Grid computing is a method of harnessing the power of many computational resources in a network. Grid computing is a distributed computer infrastructure involving large-scale sharing applications and/or high performance processing and network bandwidth.
Referring to FIG. 1, a grid computing environment comprising a plurality of heterogeneous computing nodes distributed across multiple administrative domains. A virtual organization (e.g., VO-X, VO-Y, and VO-Z) may include nodes from different domains. For example, VO-Z includes nodes from each of Administrative Domains 110, 120, and 130.
A node (hereinafter also referred to as a computing resource) may be a member of several virtual organizations. An end-user (e.g., USER M, USER N, or USER 0) may need to access remote nodes either in the same administrative domain, or across domains. For example, User O may access VO-Y from within Domain 120, or User N within Domain 130 may access the same node from outside of Domain 120. Similarly, User M of Domain 130 may access both VO-Y and VO-Z through a single node in Domain 110.
Traditionally, grid computing has provided for the execution of batch jobs in the scientific and academic community. Batch execution on a grid computing environment requires authentication, authorization, resource access, resource discovery, and other services. In support of batch processing of jobs on a grid computing environment, protocols, services, application programming interfaces, and software development kits have been developed. The conventional method and system are not particularly suited for interactive grid computing sessions.
A grid user must typically be granted authorization by an administrator of the domain to which the desired resource belongs. This usually entails generating a policy file for each user. However, requiring a user to have local accounts for the resources that can possibly be allocated to him has several drawbacks. A system using static accounts is difficult to scale, since there may be millions of potential users of a system by virtue of their membership in the grid. As members get added or removed from a grid, local system administrators at participating sites cannot be expected to add or delete user accounts. The maintenance of millions of accounts, for example, at the participating sites using methods provided by operating systems would be a very heavy burden for system administrators.
In systems having large numbers of occasional users, dynamic accounts may be used to avoid having to deal with the problems of maintaining a large number of static accounts. A dynamic account is not permanently associated with a real-world user. It is assigned to a user for the duration of one or more interactive sessions or batch jobs on the allocated computer. When the association ends, the dynamic account is returned to the free pool and is available for assignment to another user.
Although dynamic accounts avoid the difficulty of having to maintain static accounts for all potential users, there is still considerable overhead involved in managing the set of dynamic accounts. For each account, an administrator is typically required to add an entry to a gridmap file, creating a mapping between the user's grid credentials and the pool of dynamic accounts to be used. This entry uses the part of the grid credentials that is known as the user's distinguished name (DN). The DN is based upon a hierarchical naming standard that makes it possible to uniquely identify the user.

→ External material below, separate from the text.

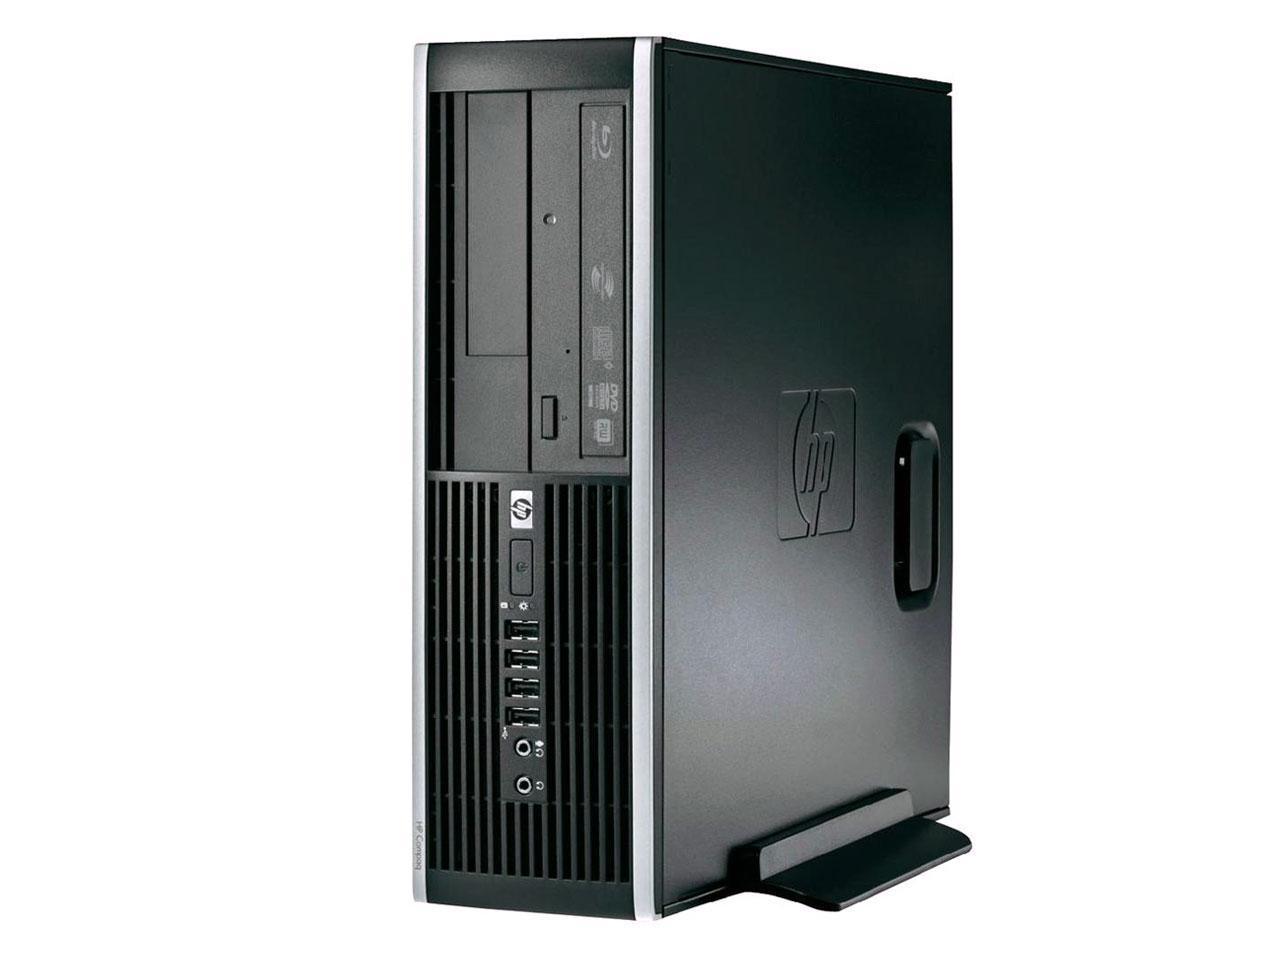 Hewlett Packard PRO 6000 SFF  - shop.bb-net.de

Normally, the DN of a user is extracted from his credentials and a file is created in the file system with the DN. This file is actually a symbolic link that points to another file that is named with the dynamic account allocated to the user. If a second user initiates a session using a DN linked to a current dynamic account, the second user will be assigned to the same dynamic account. Under conventional dynamic account management, if two users sharing a common grid credential are allocated the same resource, both of their sessions will run on the same dynamic account. This creates an unstable situation in which the two users may overwrite each others files and terminate each others processes. What is needed is a dynamic account management method that reduces the burden on local domain administrators and allows users to share a DN without potential interference.